Figure 7. Image from http://www-immuno.path.cam.ac.uk/~immuno/part1/lec06/lec6_97.html
The humoral immune response produces anti-envelope antibodies, which can be detected in human sera following HBV infection. Antibodies to each of the HBV proteins have been detected, although every antibody is not detected in each individual with exposure to HBV (Vranckx, 1983). In fact, the presence of different antibodies indicate different stages of infection. For example, individuals that display anti-HBs (surface antigen) antibodies are thought to have cleared infection, as anti-HBs antibodies are known to contain the spread of infection in the host, remove and destroy viral particles, and prevent reinfection by blocking antigen binding sites on the host’s cells. These are known as neutralizing antibodies and can be found in individuals that have recovered from infection or those that have been vaccinated. Chronic HBV carriers, however, do not have surface proteins. Instead, antibodies to HBV core proteins (anti-HBc) can be detected. Unlike anti-HBs antibodies, anti-HBc antibodies are persistent throughout the course of infection and do not appear to neutralize HBV infection.

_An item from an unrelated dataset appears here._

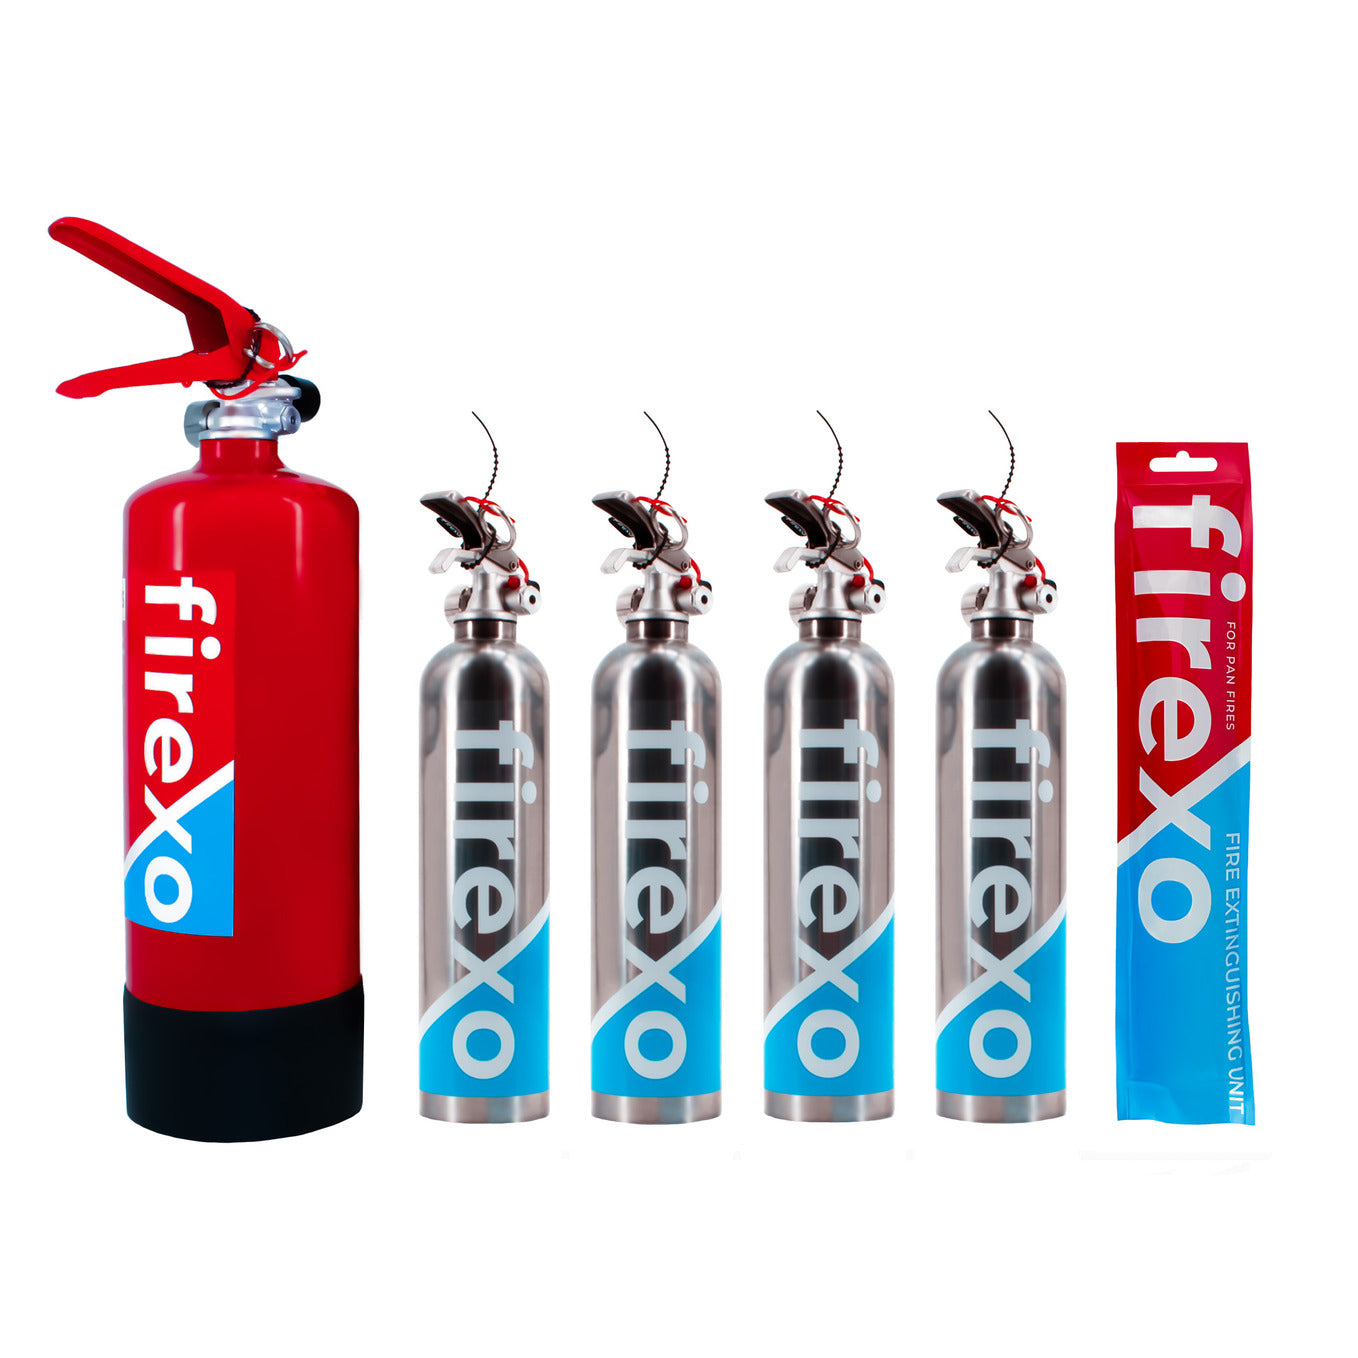 Firexo Home Fire Extinguisher Pack. 6 Items

Additionally, the presence of anti-HBc antibodies do not seem to stimulate the production of anti-HBs antibodies (Huang et. al., 2006). Figure 8 show the presence of these antibodies over the course of infection.

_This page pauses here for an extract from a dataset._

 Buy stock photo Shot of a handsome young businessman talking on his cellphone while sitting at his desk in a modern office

Figure 8. Image from http://www.sin-italy.org/jnonline/Vol15n6/605-f1.jpg
Furthermore, different strains of the hepatitis B virus are composed of different protein combinations, stimulating the generation of different antibody subclasses. More specifically, differences in IgG subclasses in response to antigens correspond to different stages of infection and different types of immune response. For example, individuals with chronic HBV infection exhibit higher concentrations of total IgG and IgG1 than individuals that have recovered from infection. Moreover, chronic carriers exhibit different ratios of different IgG subtypes when compared with vaccinated or recovered individuals. In the case of anti-HBc, chronic carriers demonstrated an anti-HBc IgG subclass pattern of IgG1 > IgG3 > IgG4 whereas recovered individuals displayed a different pattern: IgG3 > IgG1 > IgG4 (Huang et. al., 2006).
Bertoletti, A. & Gehring, A. 2006. The immune response during hepatitis B virus infection. Journal of General Virology 87: 1439-1449.
Chang, J. & Lewin, S. 2007. Immunopathogenesis of hepatitis B virus infection. Immunology and Cell Biology 85:16-23.
Huang, C., Lin, S., Ho, Y., Chen, F., & Yang, C. 2006. The immune response induced by Hepatitis B virus principal antigens. Cellular and Molecular Immunology 3(2): 97-106.
Vranckx, R. 1983. Humoral immune response in Hepatitis B virus infection. Infection 11(2): 114-117.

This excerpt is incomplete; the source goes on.